100    Par ces indications, le requérant a ainsi été mis en mesure de contester utilement le bien-fondé des actes attaqués, comme le montrent ses arguments développés sous le deuxième moyen, par lesquels il soutient que le Conseil aurait commis une erreur d’appréciation en considérant que, en sa qualité d’homme d’affaires important en Syrie, il apportait un soutien économique au régime syrien.

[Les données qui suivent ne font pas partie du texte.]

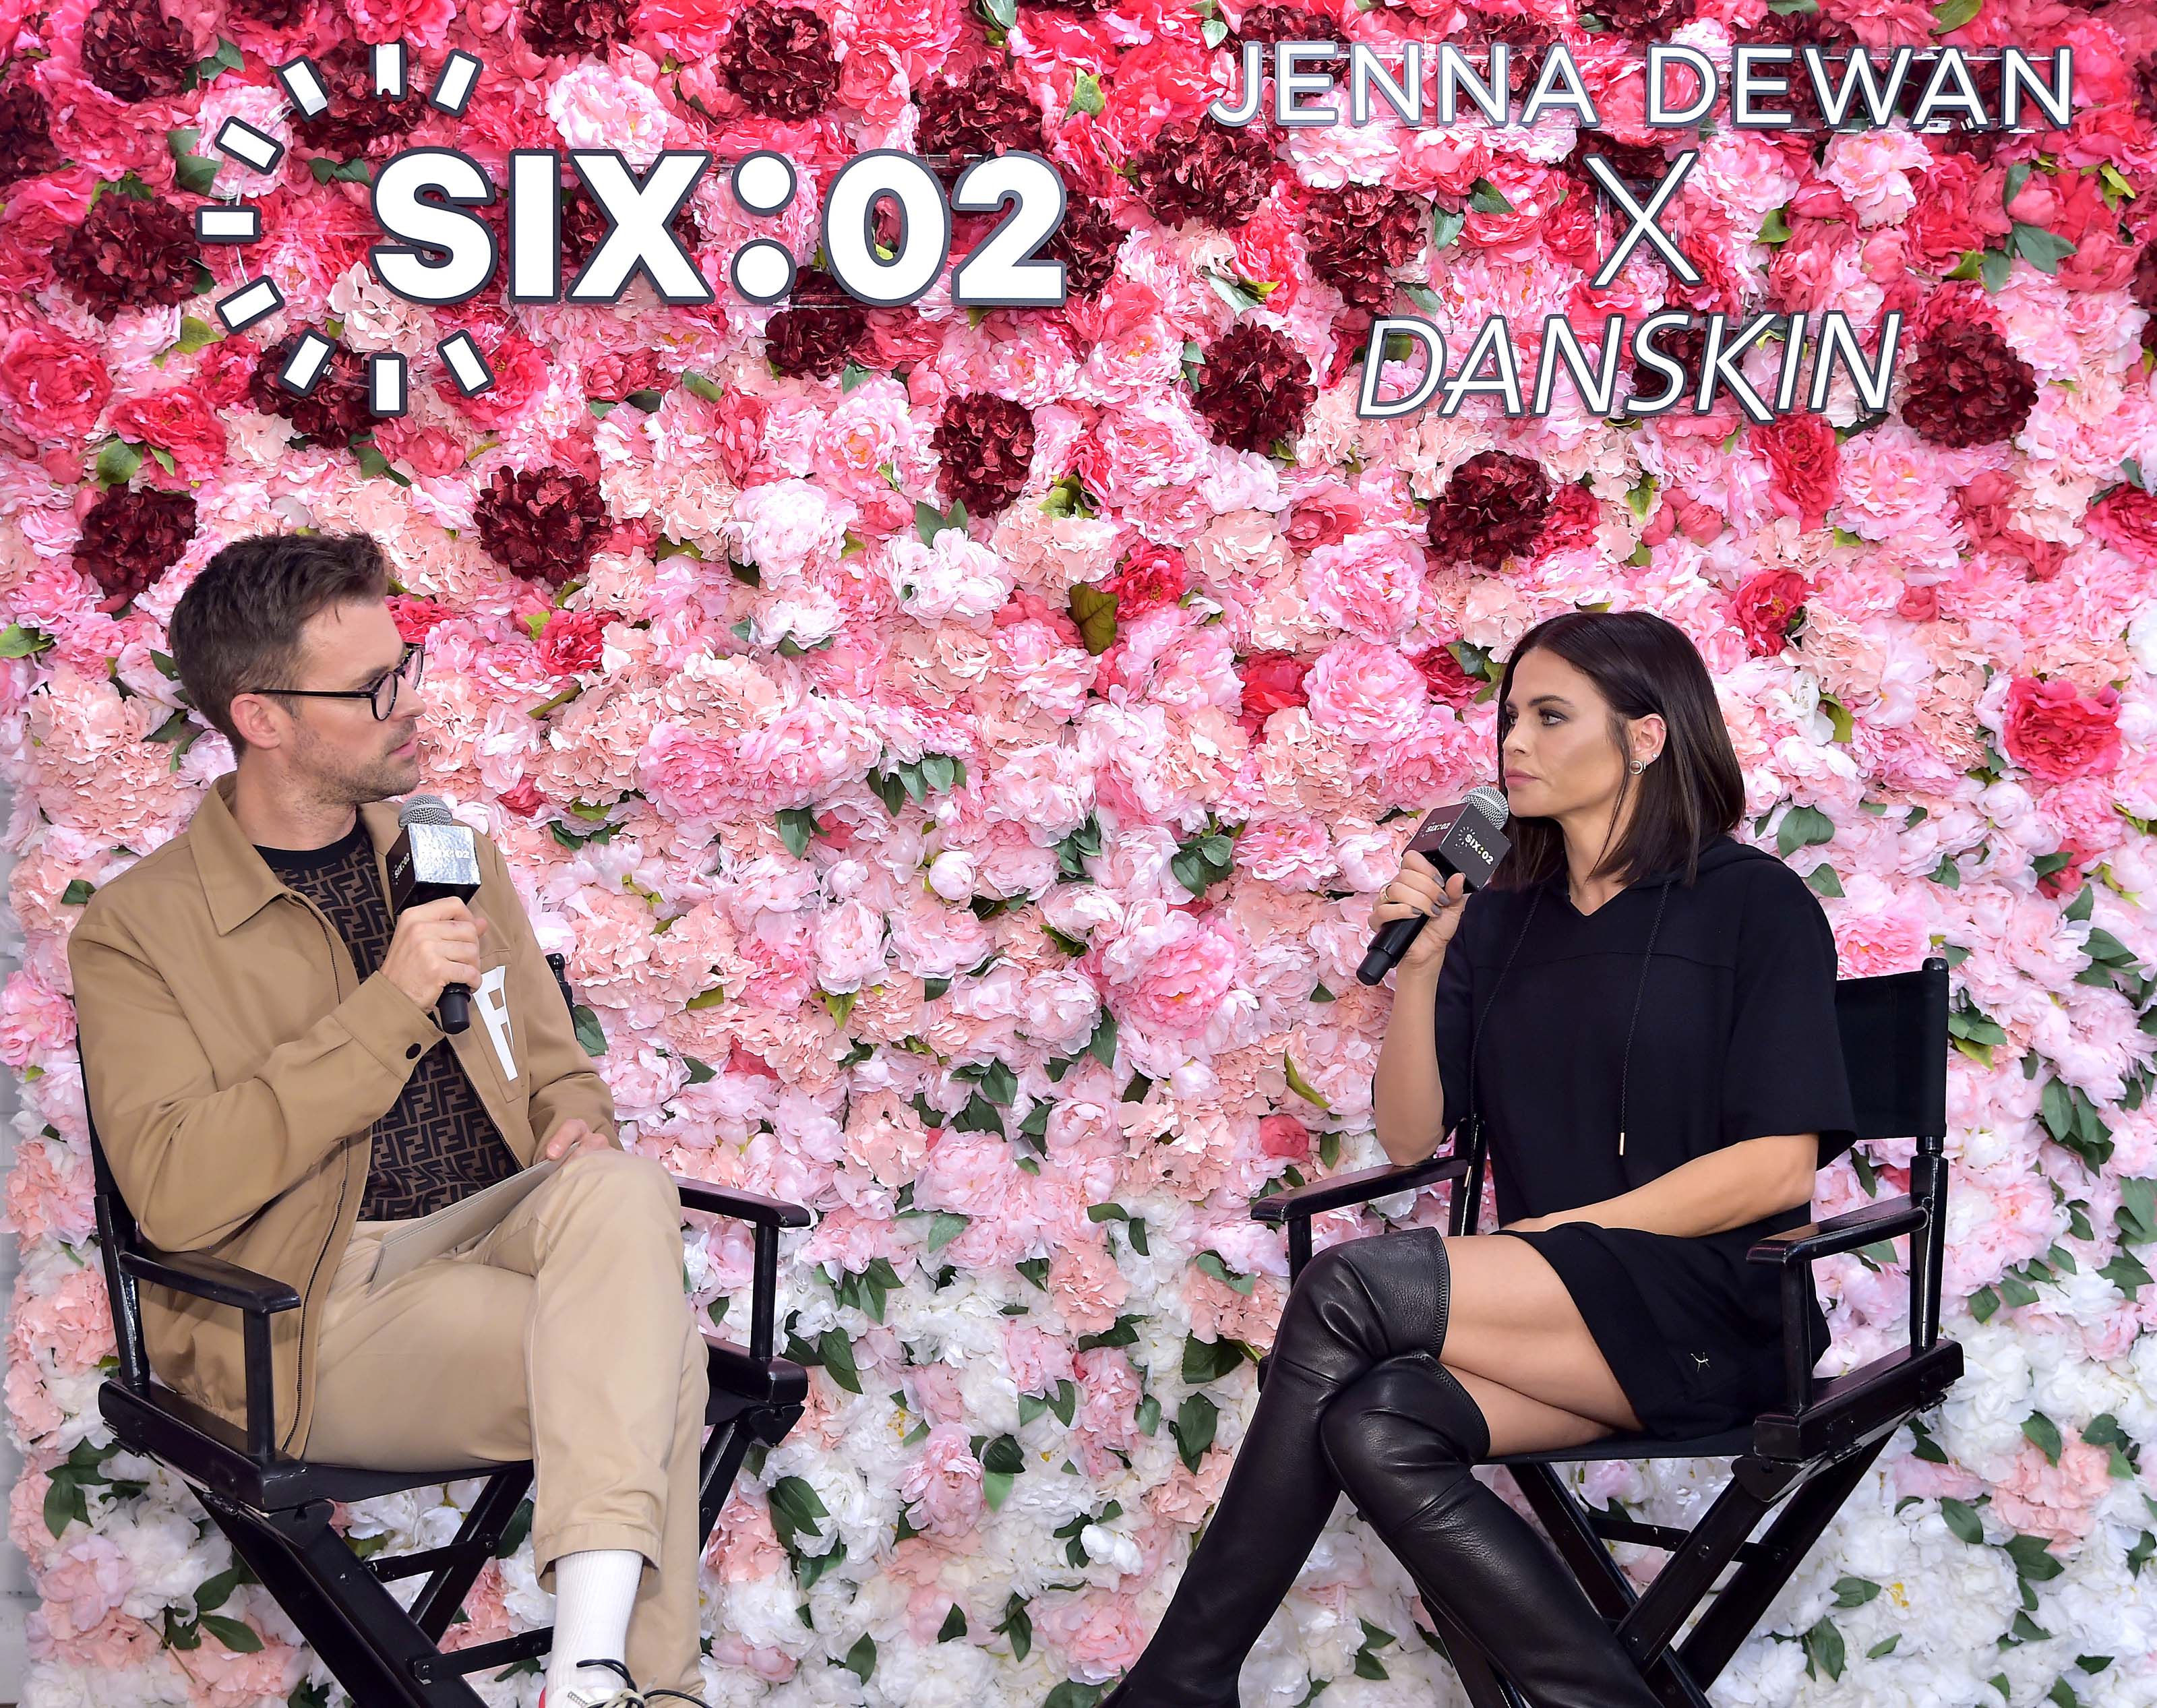 Jenna Dewan attends the Jenna Dewan x Danskin Capsule Launch Event
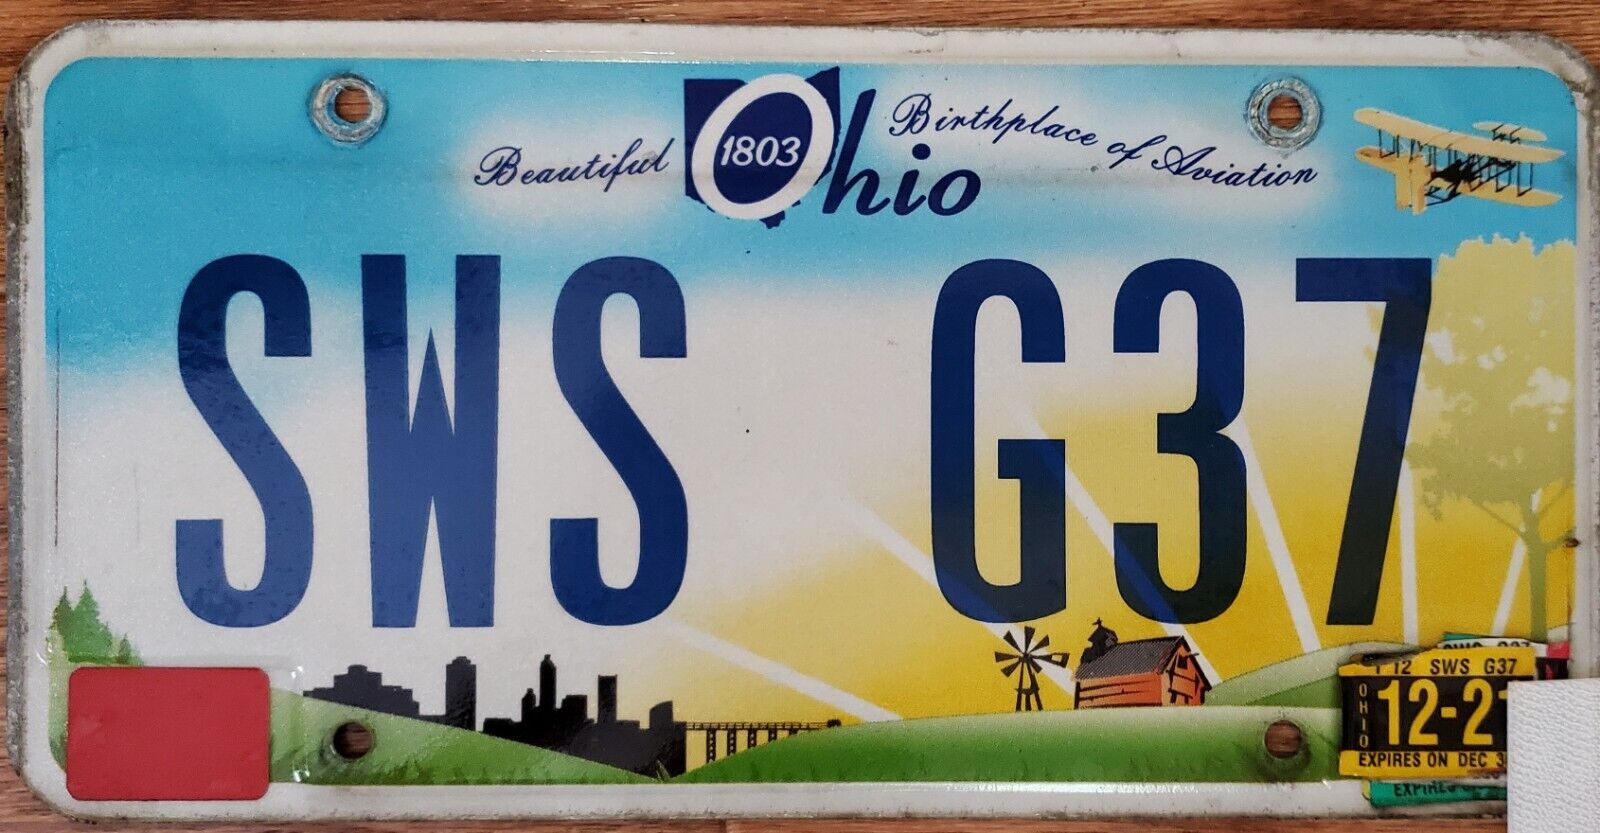 Ohio License Plate 2013 Beautiful Ohio Colorful SWS G37 Infiniti Cincinnati

101    Il résulte de l’ensemble de ce qui précède que le quatrième moyen doit être rejeté et, partant, le recours dans son ensemble.

 Sur les dépens

102    En vertu de l’article 87, paragraphe 2, du règlement de procédure, la partie qui succombe est condamnée aux dépens, s’il est conclu en ce sens. Le requérant ayant succombé, il y a lieu de le condamner à supporter, outre ses propres dépens, ceux exposés par le Conseil, conformément aux conclusions de ce dernier.

Par ces motifs,

LE TRIBUNAL (sixième chambre)

déclare et arrête :

1)      Le recours est rejeté.

2)      M. Issam Anbouba est condamné aux dépens.

Kanninen

Soldevila Fragoso

Berardis

Ainsi prononcé en audience publique à Luxembourg, le 13 septembre 2013.

Signatures


* Langue de procédure : le français.